- [Raw data]:
_ _ _ _
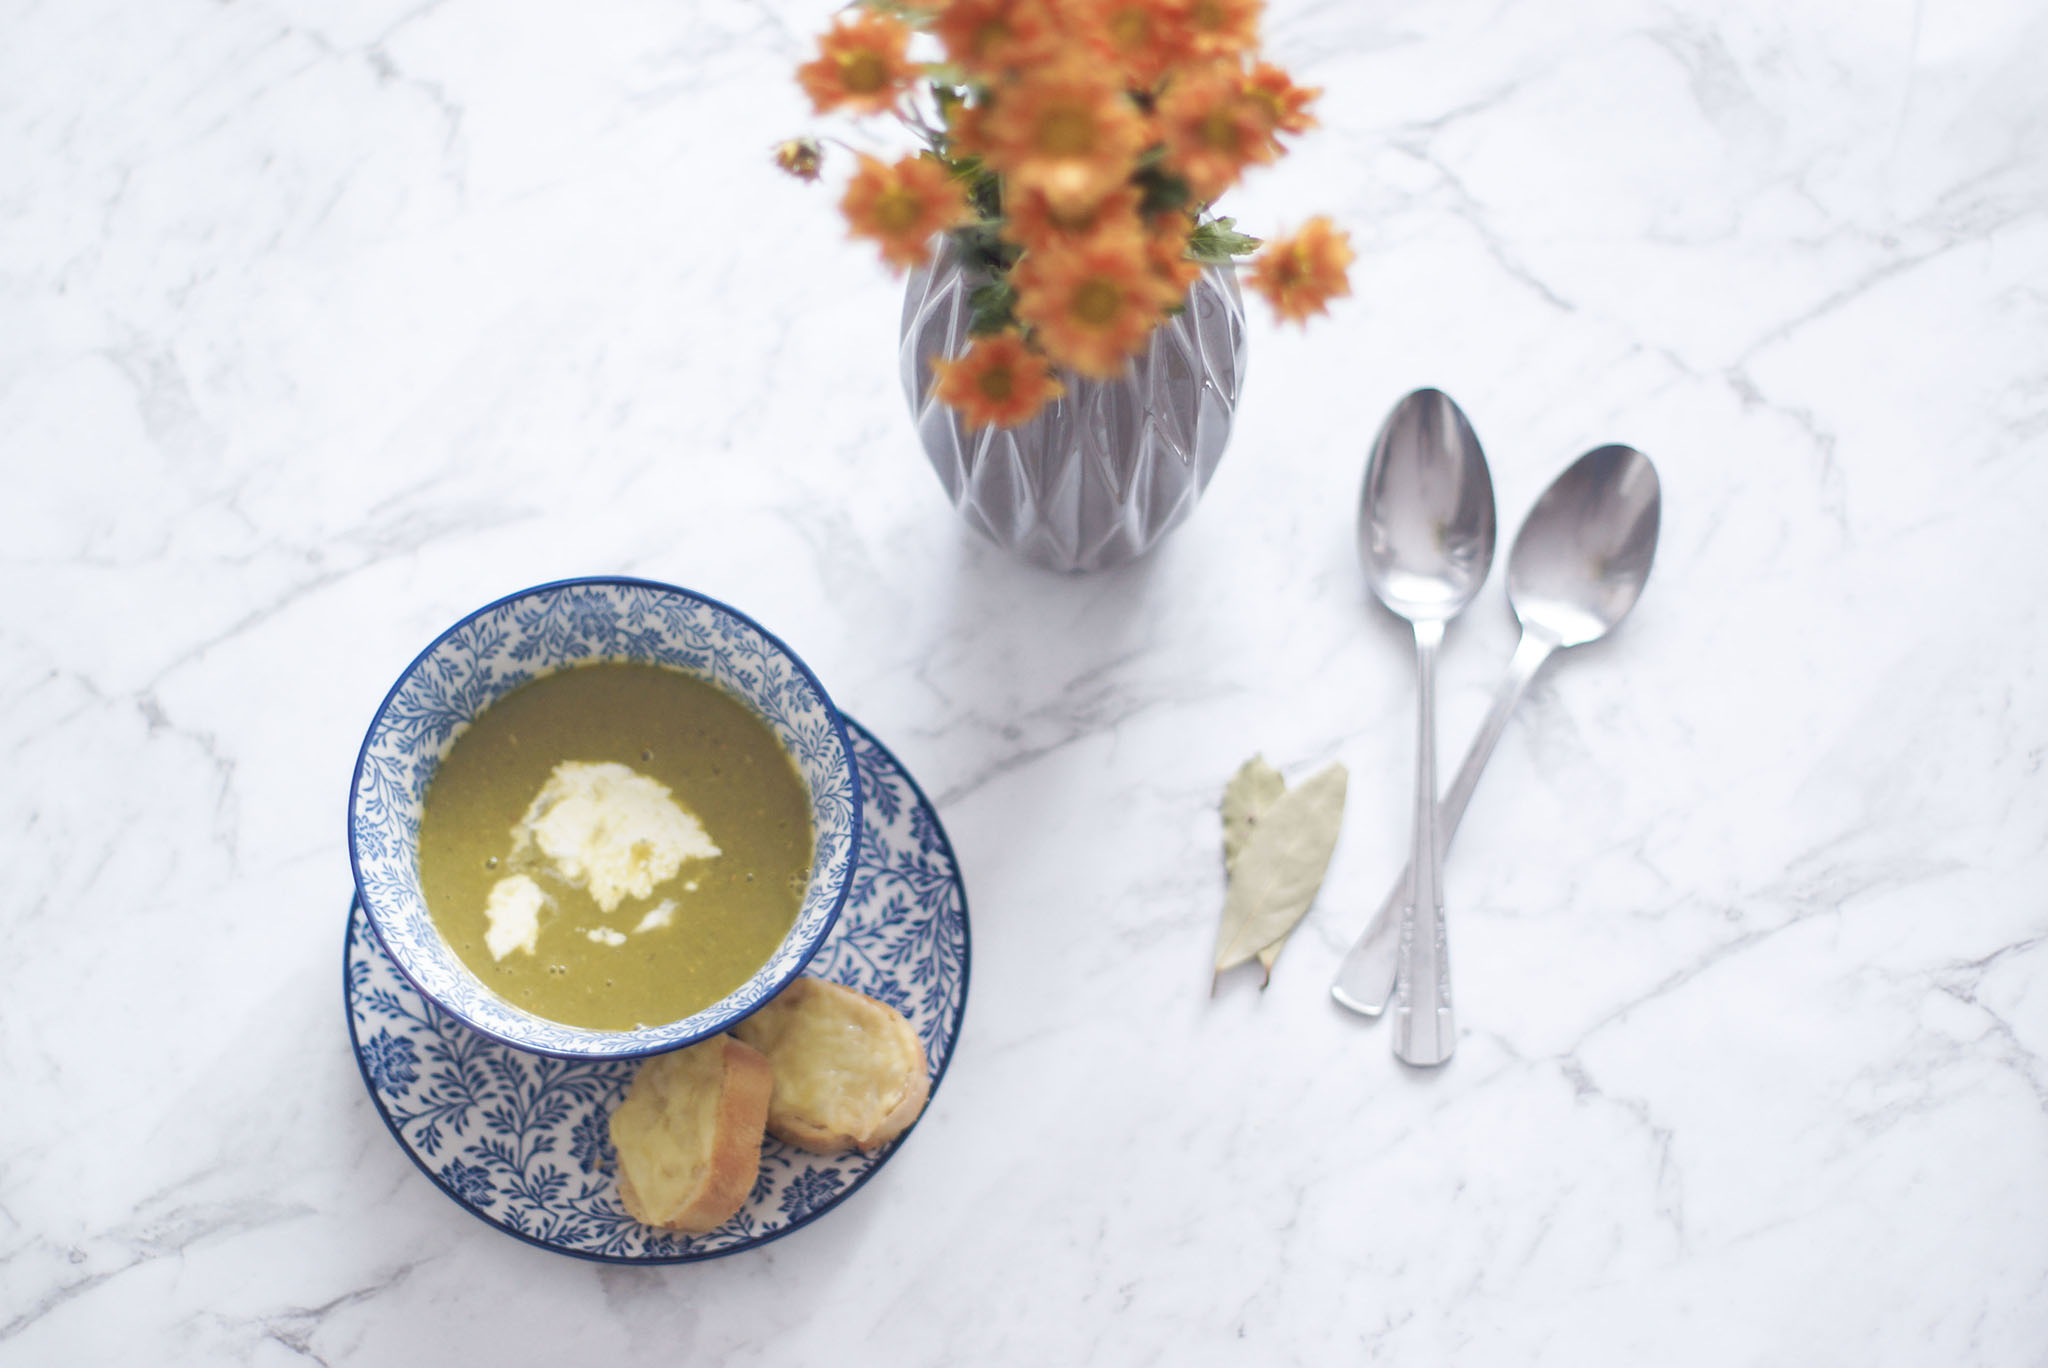 zupa krem z zielonego groszku, jesienna zupa, zupa na jesień, jak zrobić, obiad w 15 minut
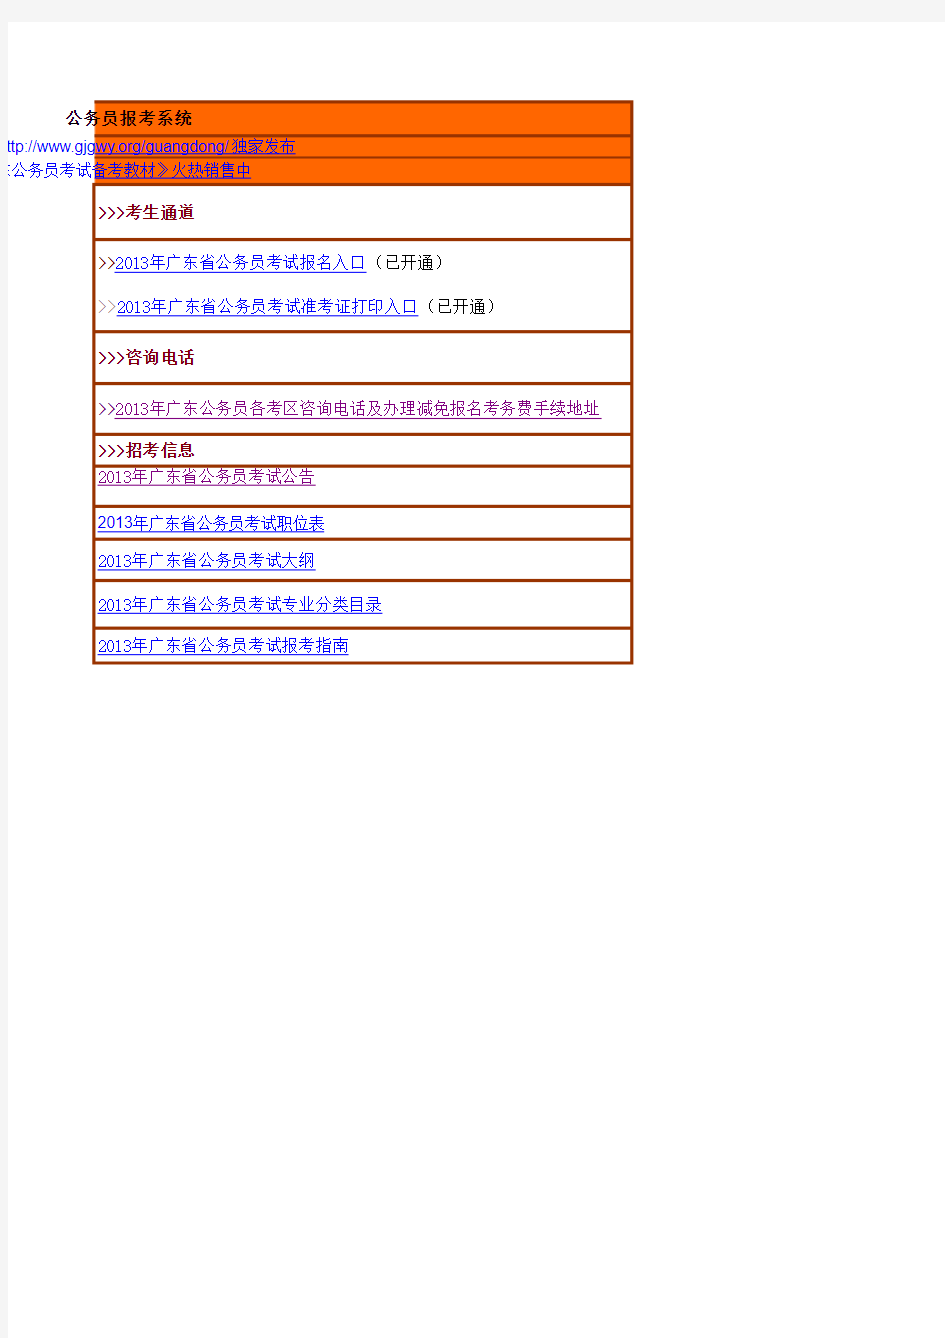 广东省2013年考试录用乡镇(街道)机关公务员职位表
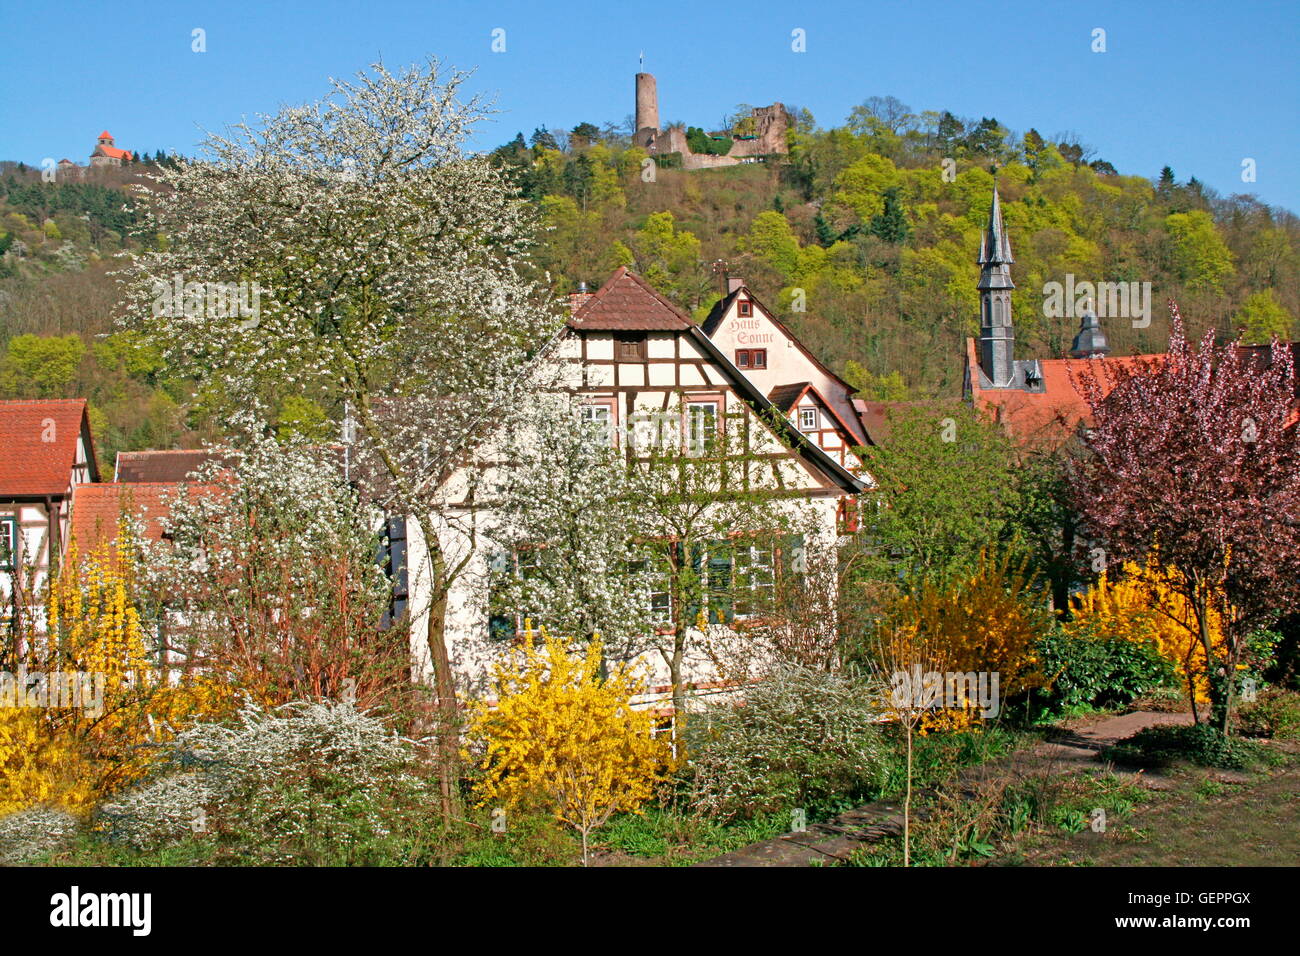 Geographie / Reisen, Deutschland, Baden-Württemberg, Weinheim, Bergstraße, Windeck Wasserburg (oben rechts), ca. 1130, Wachenburg (Schloss) (oben links), gebaut 1907-1913, Stockfoto
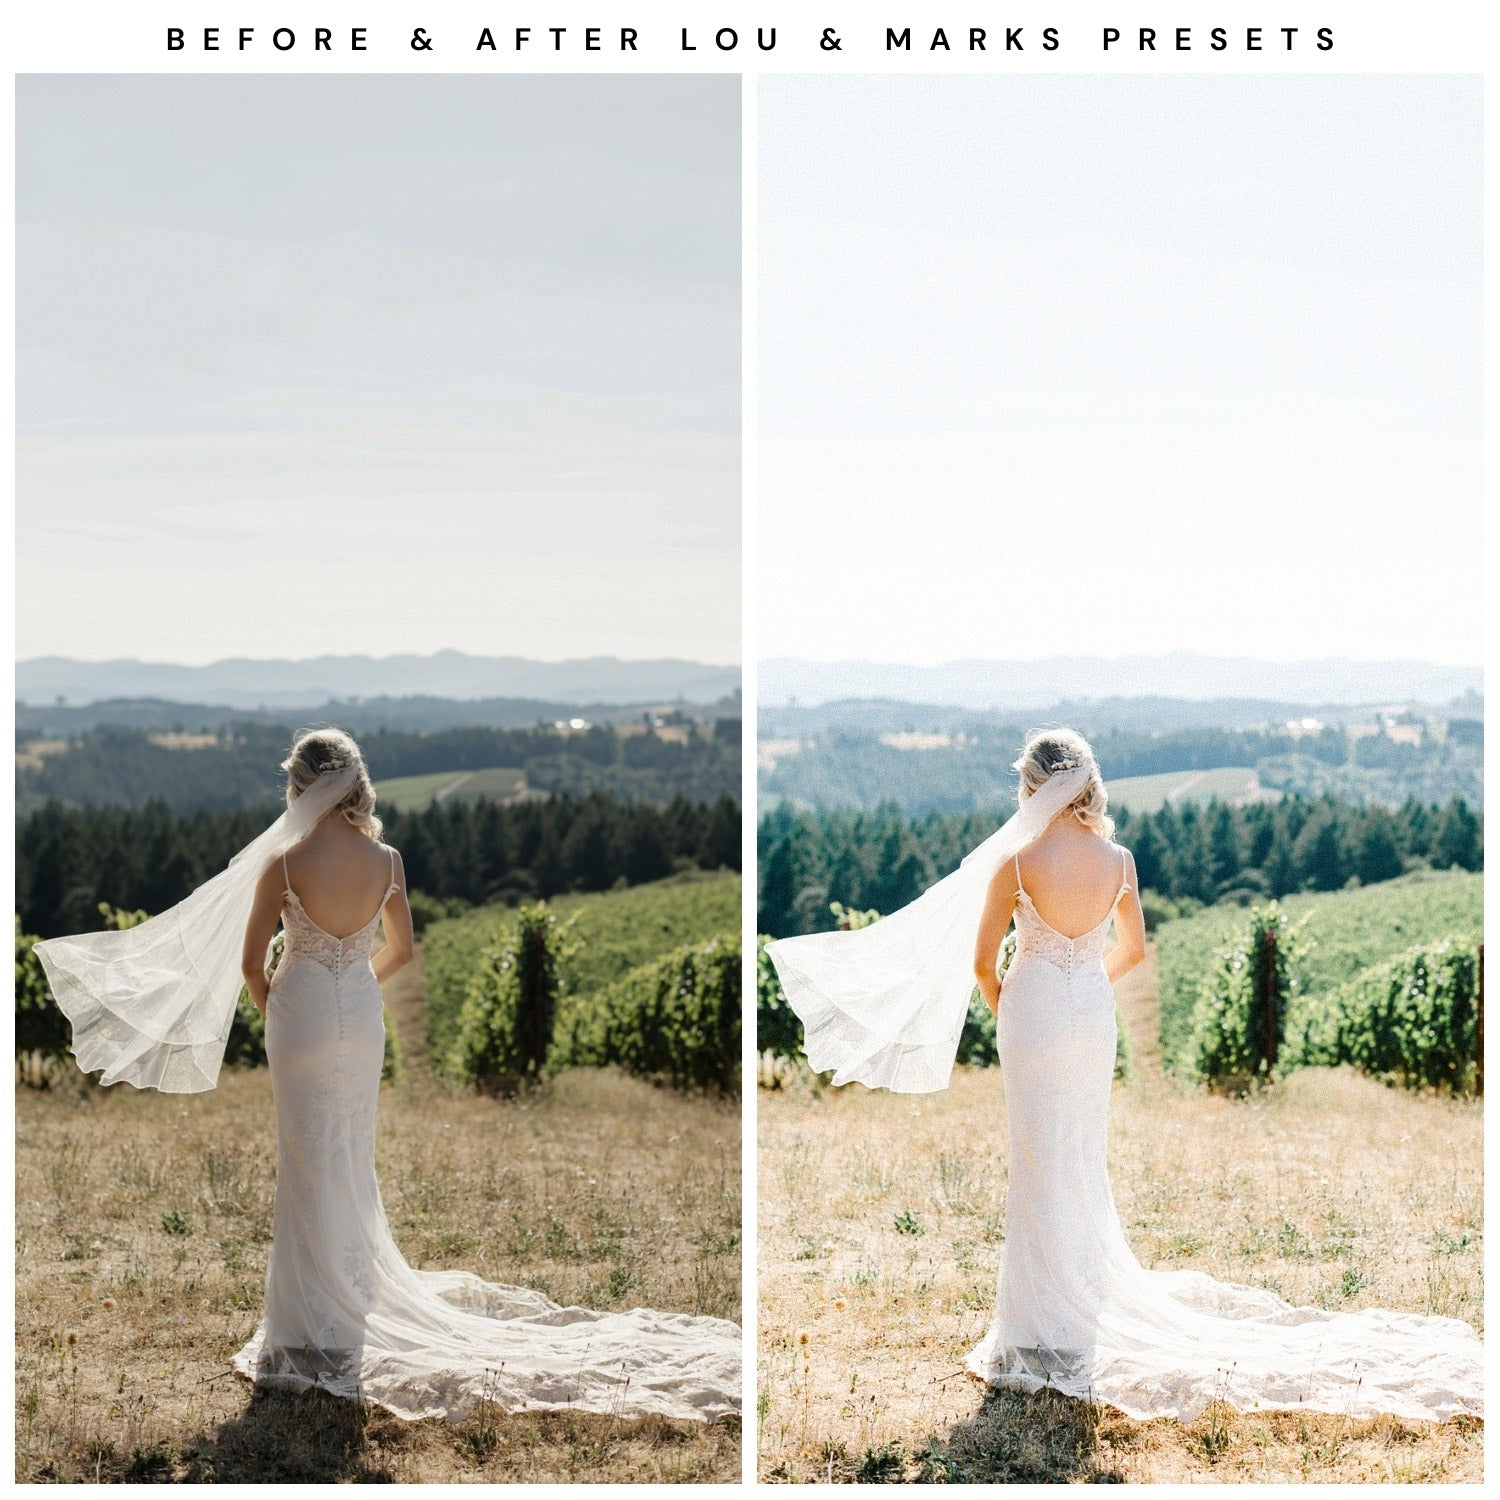 Kodak Portra 400 Film Filter Lightroom Presets For Adobe Lightroom Mobile & Desktop By Lou And Marks Presets wedding
_ _ _ _
- [Goal of the exercise]:
The whole listing should be transcribed exactly, though its pictures must be left out.

- [Result]:
 zupa krem z zielonego groszku, jesienna zupa, zupa na jesień, jak zrobić, obiad w 15 minut
 广东省2013年考试录用乡镇(街道)机关公务员职位表
 Geographie / Reisen, Deutschland, Baden-Württemberg, Weinheim, Bergstraße, Windeck Wasserburg (oben rechts), ca. 1130, Wachenburg (Schloss) (oben links), gebaut 1907-1913, Stockfoto
 Kodak Portra 400 Film Filter Lightroom Presets For Adobe Lightroom Mobile & Desktop By Lou And Marks Presets wedding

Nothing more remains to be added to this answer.